The missing piece for self-healing Elastic Beanstalk apps
At Crimson we use Elastic Beanstalk to run our Docker images, and we leverage an old internal Terraform module to provision them. I’d never really used Elastic Beanstalk prior to this job, and I’ve decided that I don’t really like it. It’s a fragile and hard-to-use service, and App Runner, ECS, and EKS are all much better AWS services that span a wide range of use cases and levels of expertise. I really do recommend looking into one of those alternate services instead of using Elastic Beanstalk—they’re all great.
One headscratcher we’ve ran into a few times takes the form of all the EC2 instances in an Elastic Beanstalk environment going unhealthy and never getting replaced with new ones. When this happens we’re able to sign in to the AWS Console and see the environment marked as unhealthy by Elastic Beanstalk, but Elastic Beanstalk never does anything to correct the situation. We have synthetics which allow us to manually intervene quickly, but this obviously isn’t a great long-term solution.

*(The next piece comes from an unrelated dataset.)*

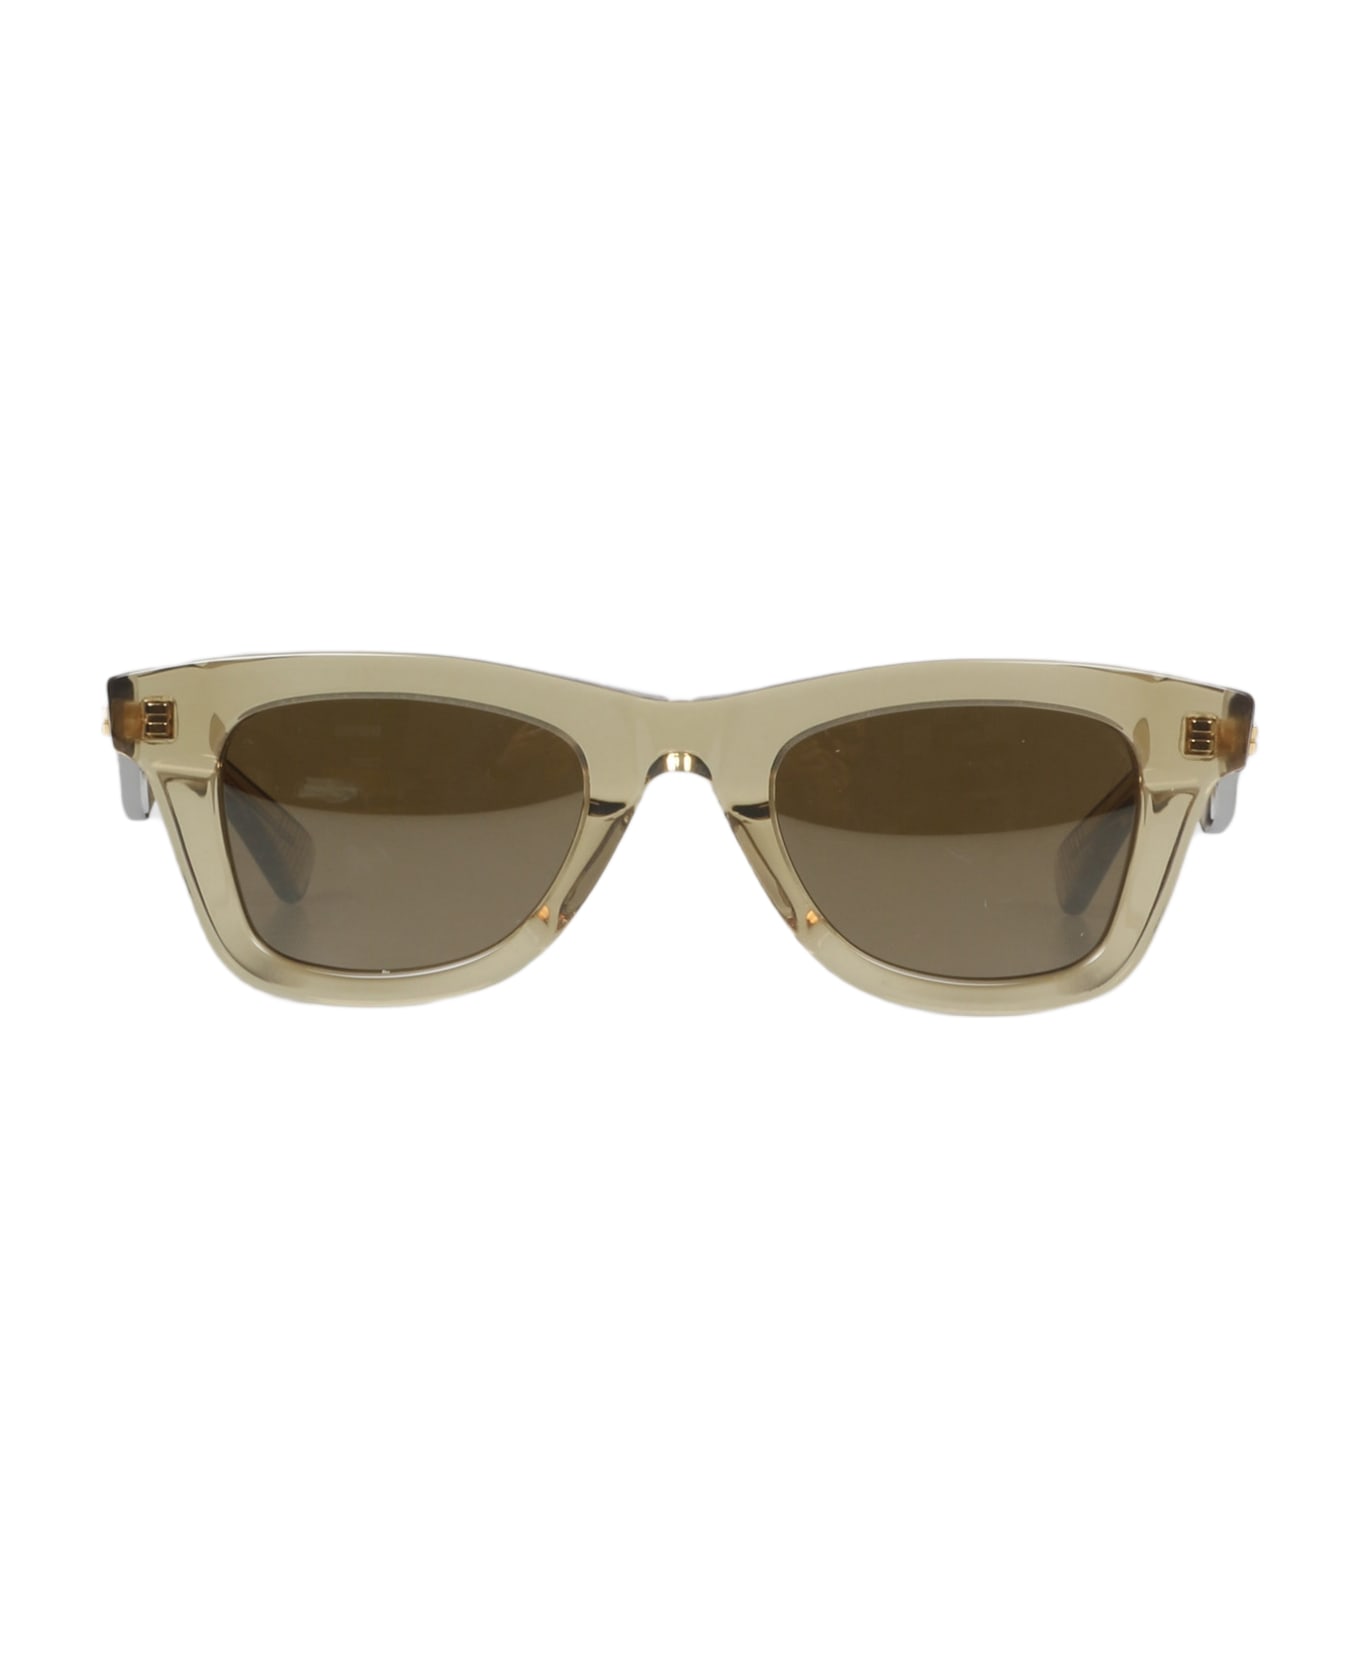 Bottega Veneta Eyewear Classic Sunglasses - Nude & Neutrals

The issue is a real headscratcher, because Elastic Beanstalk has a setting named “Application Healthcheck URL” under the
aws:elasticbeanstalk:application namespace. I come from using Kubernetes, and so to me this seems like all you should really need for self-healing—but it’s not. I just recently figured out how to get self-healing working in Elastic Beanstalk and in this post I’ll explain both why this doesn’t work out of the box, and how to fix it.

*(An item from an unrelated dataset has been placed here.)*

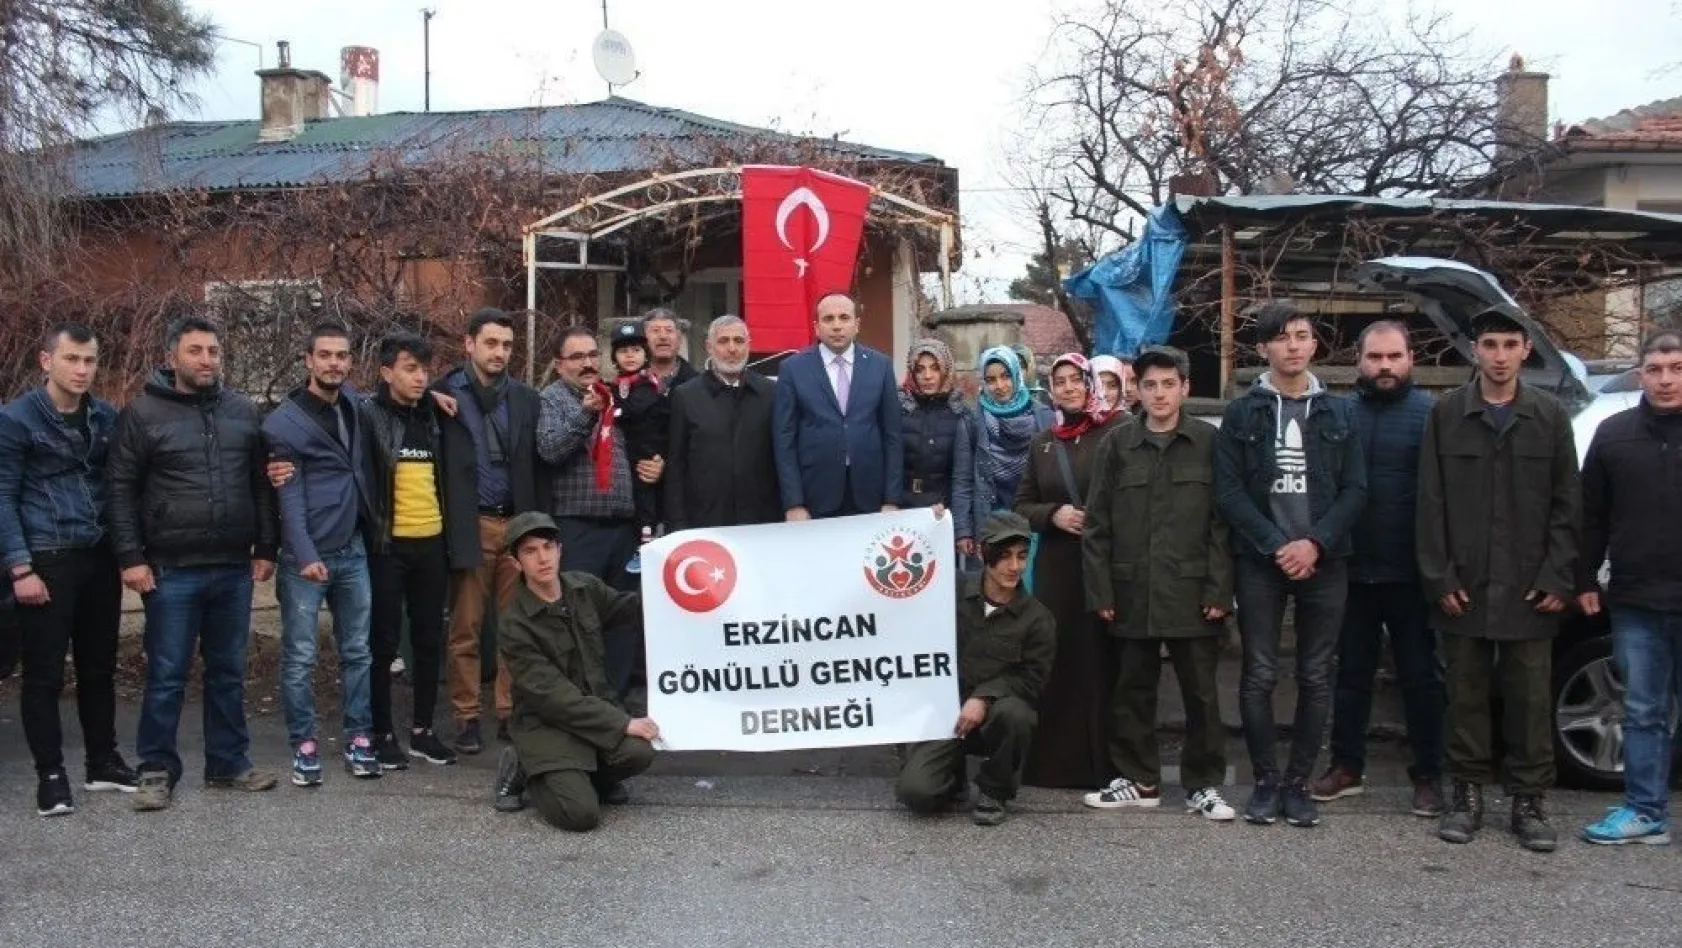 Erzincan'ın yöresel ürünleri Mehmetçiğe gönderildi

The key thing to know here is that there are three components that perform health checks within an Elastic Beanstalk environment, and they all do different things. The following list explains at a high level what each of them are responsible for, but of course I’m omitting some details for brevity.
- Elastic Beanstalk will intermittently ping the health check URL you configured (or default to port 80 over TCP). If health checks fail then your environment’s status goes red, and it’s possible for you to set up CloudWatch alarms to alert on this. Beyond that, the Elastic Beanstalk health checks don’t seem to do much.
- The Elastic Load Balancer also pings your health check URL, and if one of your instances becomes unhealthy for an extended period of time the ELB will stop sending requests to it.
- The Auto Scaling group also runs health checks, and if one of your instances goes unhealthy it will terminate the bad instance and replace it with a new one.
The Auto Scaling group sounds like it does what we need it to, but there’s a catch. ASGs support different kinds of health checks; specifically in our case the interesting options are “EC2 checks” and “ELB health checks.”
By default, an Auto Scaling group only performs EC2 checks. EC2 checks essentially just check that the underlying hardware is okay, which is useful but doesn’t help us at all in cases where the machine is fine but our application has crashed. ELB health checks, on the other hand, allows the Auto Scaling group to look at the health check results of the load balancer attached to your Auto Scaling group.
If ELB has marked an instance as unhealthy and stopped sending requests to it, then the Auto Scaling group will terminate the unhealthy instance and start up a new one. This is exactly what we want, but the stumbling block is that this isn’t the default behavior. You need to opt in to ELB health checks, as you can see below:
This explains the lack of self-healing. What’s happening is the following:
- The ELB recognizes an instance has gone unhealthy and stops sending requests to it.
- The Elastic Beanstalk environment recognizes that things aren’t healthy so the environment goes red.
- The Auto Scaling group sees that the underlying EC2 instances are fine, and does nothing.
- Eventually all of your instances are unhealthy and your service goes down.
This is annoying, but there’s a remedy available in the form of turning on those ELB health checks for the Auto Scaling group. When provisioning the infrastructure yourself using Terraform or ClickOps changing this setting is easy, but in Elastic Beanstalk things are less straightforward. Most environment configuration happens by passing in EB-specific configuration options, but there’s no option available to change the Auto Scaling group’s health check setting! So, how do you do it?
The answer is in the
.ebextensions folder. By adding a
Resources key to a configuration file it’s possible to use CloudFormation to customize almost any aspect of the resources spun up by an Elastic Beanstalk environment. The Auto Scaling group is one of the resources that can be customized, and enabling ELB health checks is simply a matter of dropping the following YAML file into
Resources: AWSEBAutoScalingGroup: Type: "AWS::AutoScaling::AutoScalingGroup" Properties: HealthCheckType: ELB HealthCheckGracePeriod: 300
After you’ve added that configuration file and uploaded a new application version you can redeploy your environment and get self-healing behavior.